Charismatique, "Bouta", son surnom, savait s'adresser aux foules, maniant formules chocs et discours percutants souvent avec des pointes d'humour ou d'ironie qui plaisaient aux foules.
"Tu arrives? Mais où arrives-tu?" avait-il notamment lancé à l'actuel président Chan Santokhi en se moquant de son slogan de campagne. L'interrogation avait fait fureur lors de l'élection de 2015 et est encore souvent citée aujourd'hui.
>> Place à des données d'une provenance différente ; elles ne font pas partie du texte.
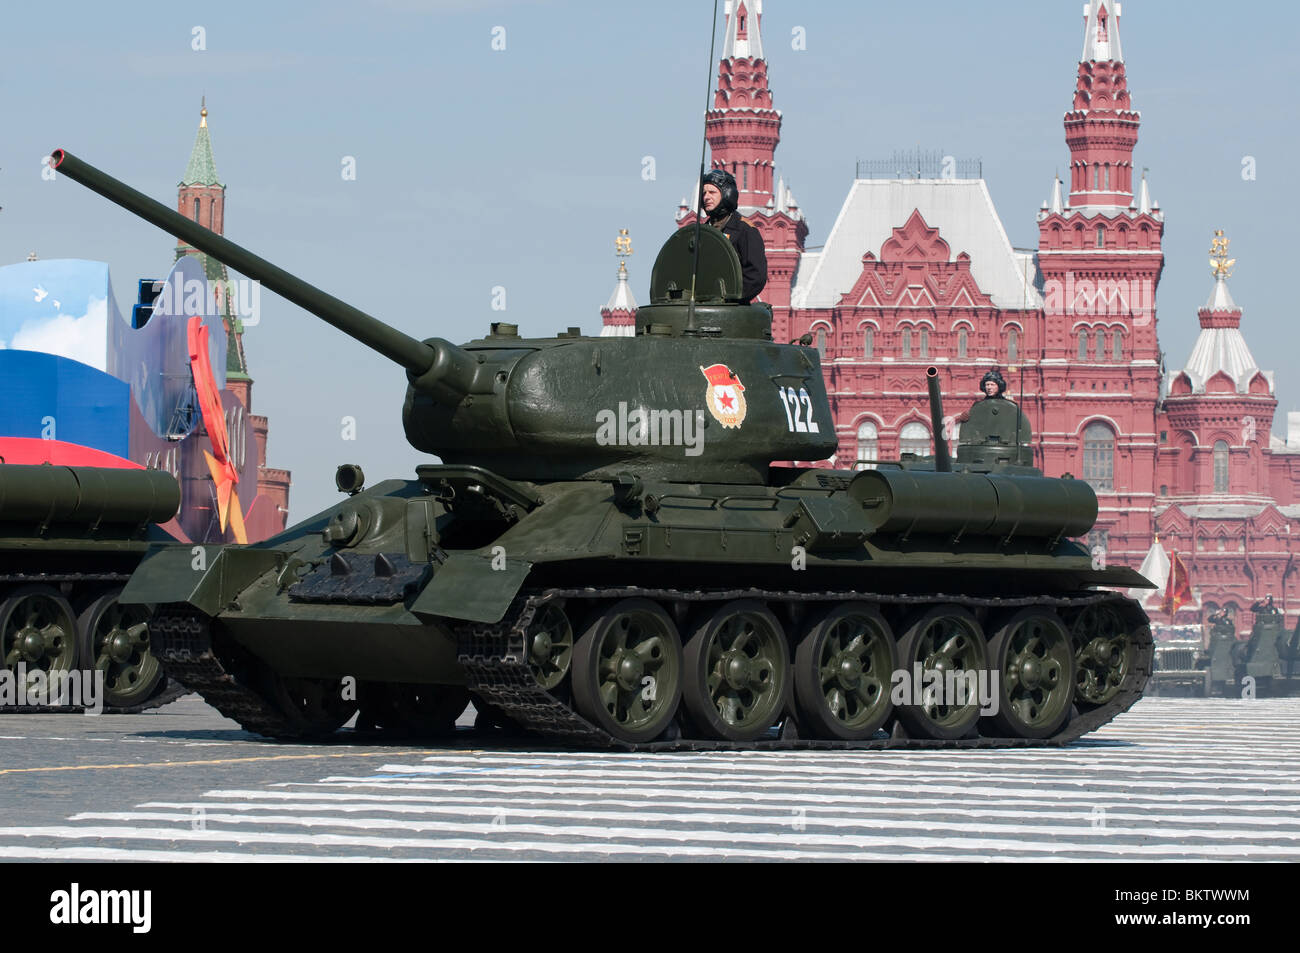 Legendary soviet medium tank T-34 from the Second World War, march along the Red Square Moscow Victory Parade of 2010 Stock Photo

Né en 1945, Desi Bouterse avait embrassé la carrière militaire se formant notamment aux Pays-Bas, l'ancienne puissance coloniale, qu'il se plaisait à critiquer.
Moins de cinq ans après l'indépendance (25 novembre 1975), Desi Bouterse alors âgé de 34 ans, s'était emparé du pouvoir pour "sauver" le pays en 1980, selon ses dires.
La dictature est brutale et en 1982 quinze opposants sont exécutés par balles dans la prison militaire de Paramaribo.
Le procès de ces exécutions n'aura lieu que des dizaines d'années plus tard avec un épilogue en 2023.
Desi Bouterse était resté aux commandes jusqu'en 1987 avant de mener un second coup d'Etat en 1990 pour un bref retour au pouvoir, jusqu'en 1991.
Il a dirigé le Suriname pendant une partie de la guerre civile qui a ravagé le pays de 1986 à 1992 avec notamment le massacre de Moiwana (au moins 35 morts) par l'armée en 1986.
En 2010, il revient au pouvoir par les urnes. Il y restera jusqu'en 2020 après une réélection en 2015 mais échouant à remporter un troisième mandat en 2020.
Sa condamnation en décembre 2023 avait mis fin à seize ans de procédures. "Il a fallu 41 ans, mais le long bras de la loi a finalement rattrapé Desi Bouterse", avait alors réagi Reed Brody, membre de l'ONG Commission internationale de juristes.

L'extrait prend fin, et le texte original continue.